Codere, with whom elDiario.es has contacted without receiving a response, explains in the document sent to the Spanish regulator that on October 22, it presented allegations against the initiation of the sanctioning procedure, "requesting the dismissal of the same without imposition of sanction any, and since then, we have been waiting for the CNMV's resolution".
"On March 16, 2022, a communication was received from the CNMV informing Codere, SA, in liquidation, of the change of instructor in the file," adds Codere.
"On the possible files in progress, we do not give information until they are finished, in your case. The sanctions imposed by the CNMV are published in the BOE and in the registry of sanctions", the stock market regulator limits itself to pointing out, to questions about this business.
Last Thursday, the Executive Committee of the CNMV agreed to exclude Codere from trading and set the last trading day for its titles as next Friday, May 6. Codere's parent company, which in 2021 increased its red numbers by 43.1%, to 338.6 million, despite having increased its turnover by 33%, to 790.7 million, announced its entry into liquidation in 2021, after completing the financial restructuring process announced a year ago, for which it received an injection of up to 225 million, more than 350 million of debt was capitalized by its creditors and its maturity was extended to September 2026, in exchange for leaving 95 % of the company in the hands of the group's bondholders.
In parallel to its farewell from the Spanish trading floor, the group listed last year its online betting subsidiary in the United States, which jumped to the trading floor last December through the merger with the special purpose acquisition company (SPAC, for its acronym in English) DD3 Acquisition Corp.II. Recently, that subsidiary has warned there of the risk of losing your license in Spain due to the accumulation of very serious sanctions for non-compliance with state or regional gaming regulations.

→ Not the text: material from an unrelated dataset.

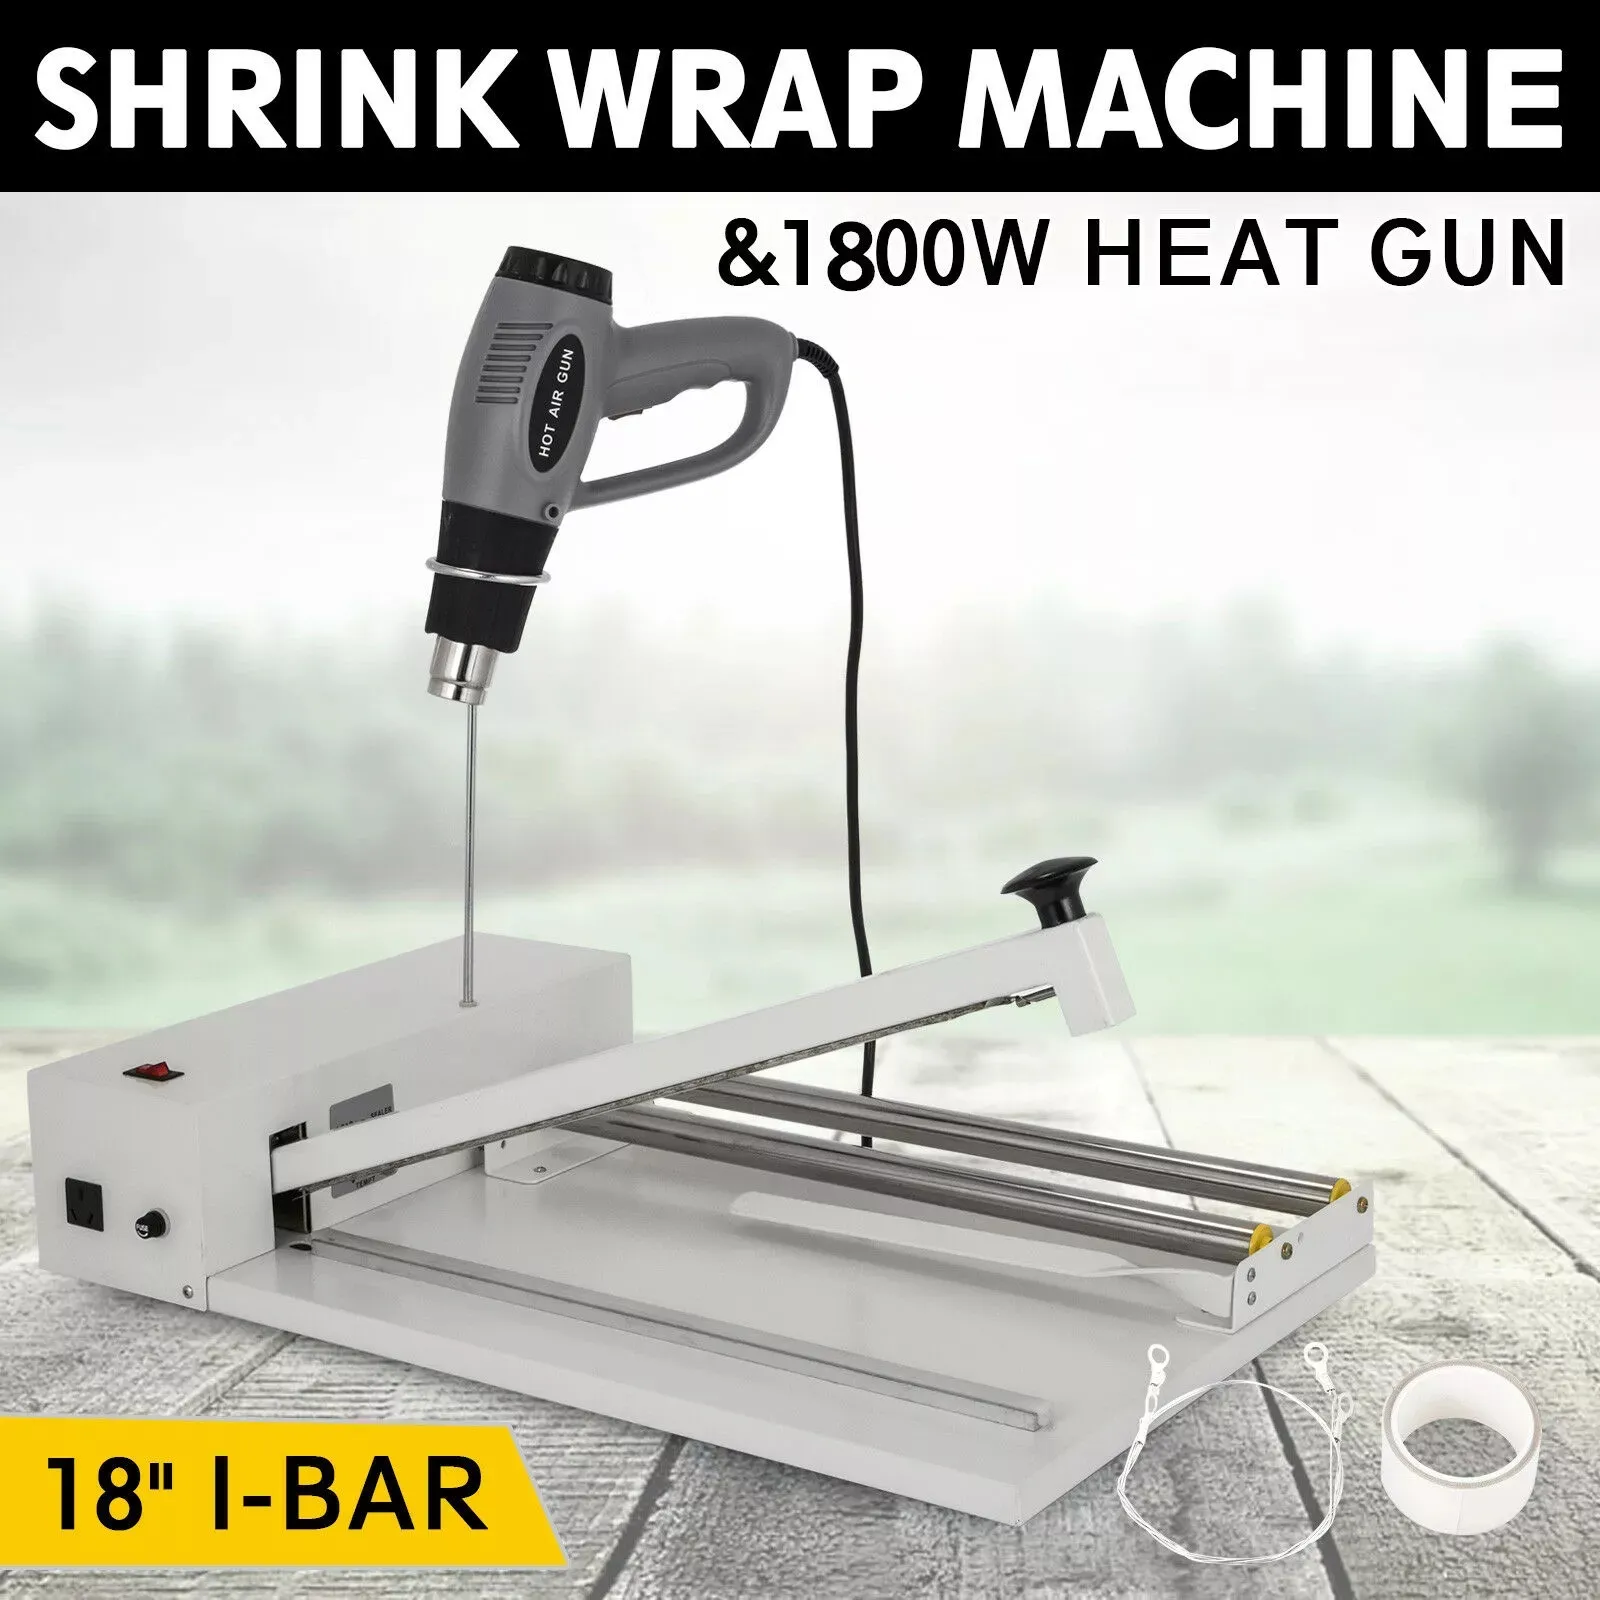 Con recubrimiento en polvo 18inch duradera I-Bar Shrink Wrap máquina de sellado caliente instantánea Sellador Pistola de calor Jabón Alimentos fácil de operar

Last summer, that subsidiary lamented the "negative stance" of the Spanish Government against bookmakers, reflected in the veto on the advertising of these companies. It is a recurring complaint of the group: at the beginning of 2020, the then president of Codere He also charged against the "radical political and social positions" towards bookmakers and the "false beliefs" about this sector.

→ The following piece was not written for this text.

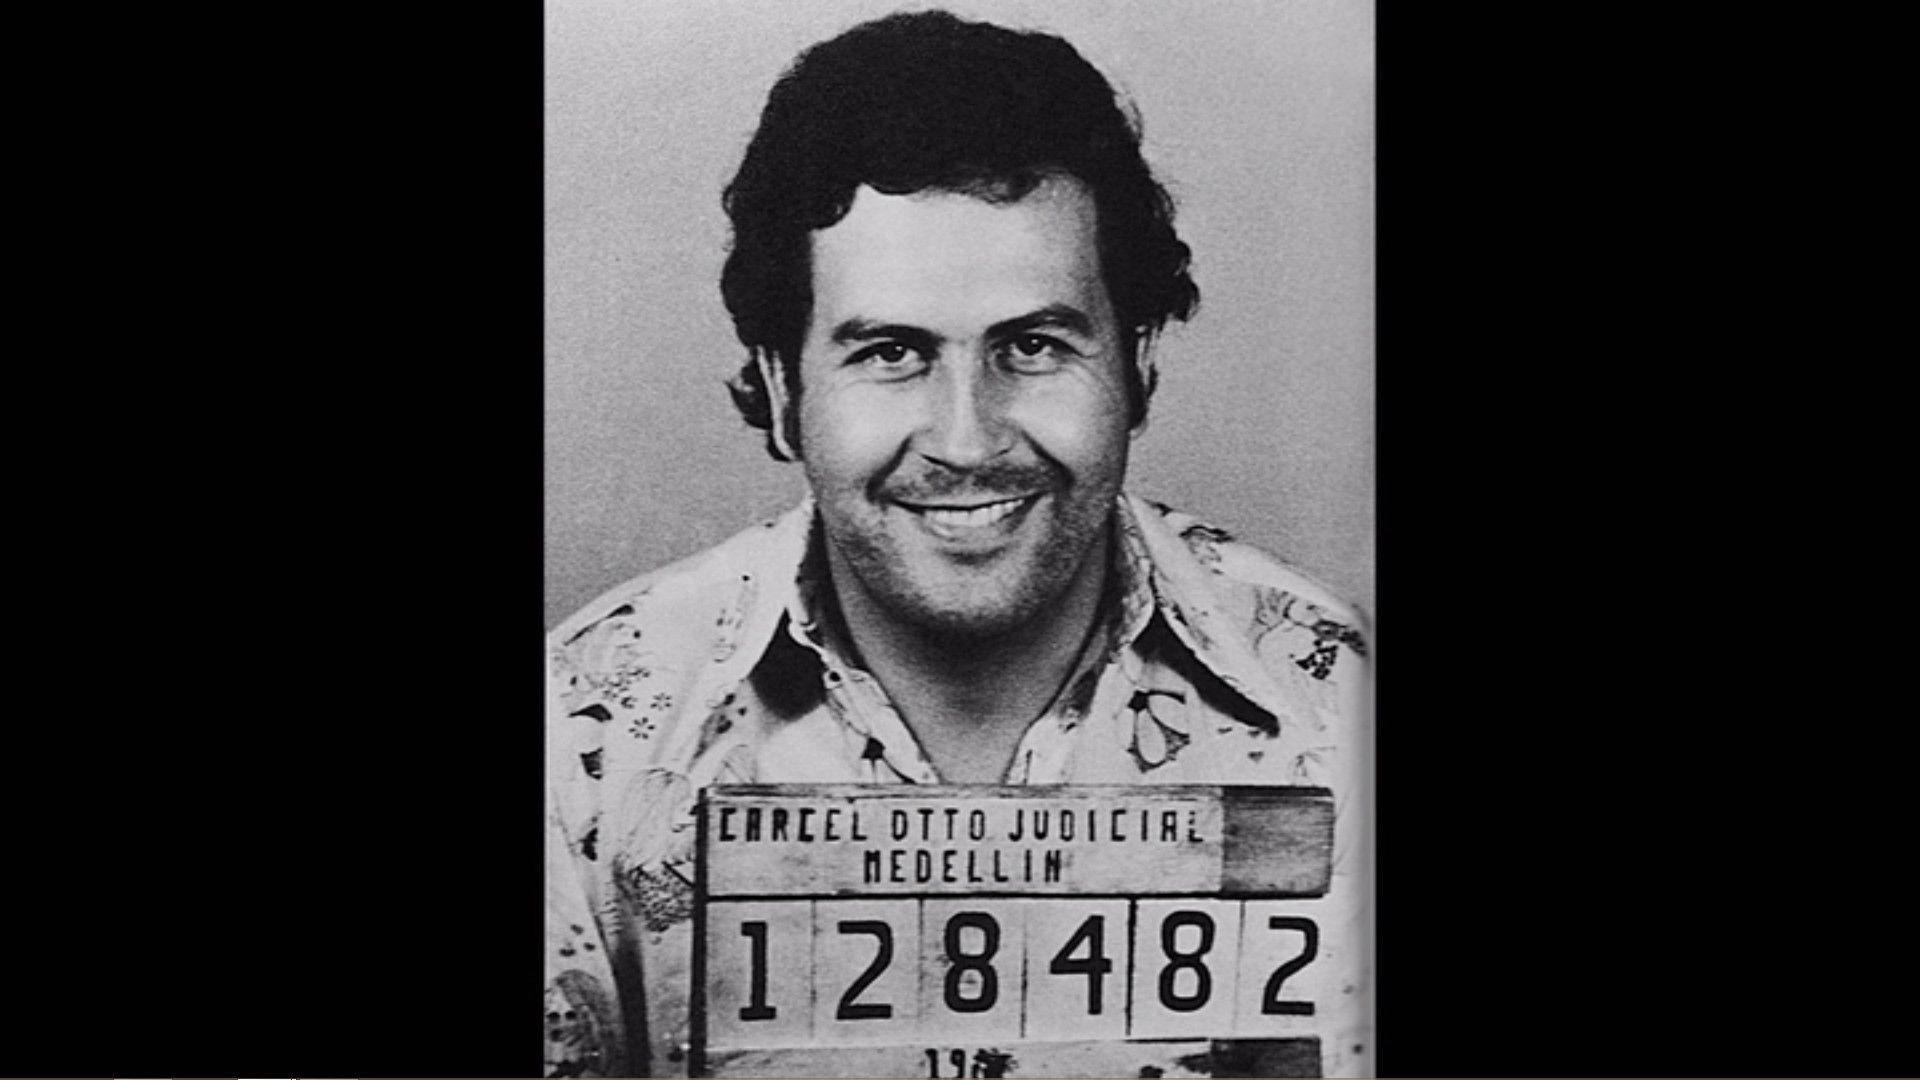 1920x1080 Hd Pablo Escobar Wallpaper Data Id 295382 P - vrogue.co

Both Codere and the directors who were then part of its audit committee were already sanctioned in March 2015 by the CNMV for falsifying their 2012 accounts. In this case, the company was fined 100,000 euros for a very serious infraction, because those accounts contained "inaccurate or untrue" data.

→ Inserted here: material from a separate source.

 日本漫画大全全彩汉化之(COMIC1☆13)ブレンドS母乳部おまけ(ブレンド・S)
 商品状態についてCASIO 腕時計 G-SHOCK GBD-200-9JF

In February 2013, Codere reported losses of 104.6 million in 2021, weighed down by a deterioration of assets in Spain worth 75.6 million and by the drop in income in the country. A few months later, he reformulated his accounts and raised the losses to 134 million after detecting an accounting error. A few days later, he returned to reformulate the accounts to adapt them to a fiscal "clarification" in Mexico and after facing a payment for licenses in Argentina.
After knowing the sanction, and in the successive appeals before the National High Court and the Supreme Court, Codere argued that the sanctioned conduct was the result of a technical error that was corrected immediately, and that it did not alter the company's financial situation. The National Court and the Supreme Court They confirmed the sanctions in all their extremes.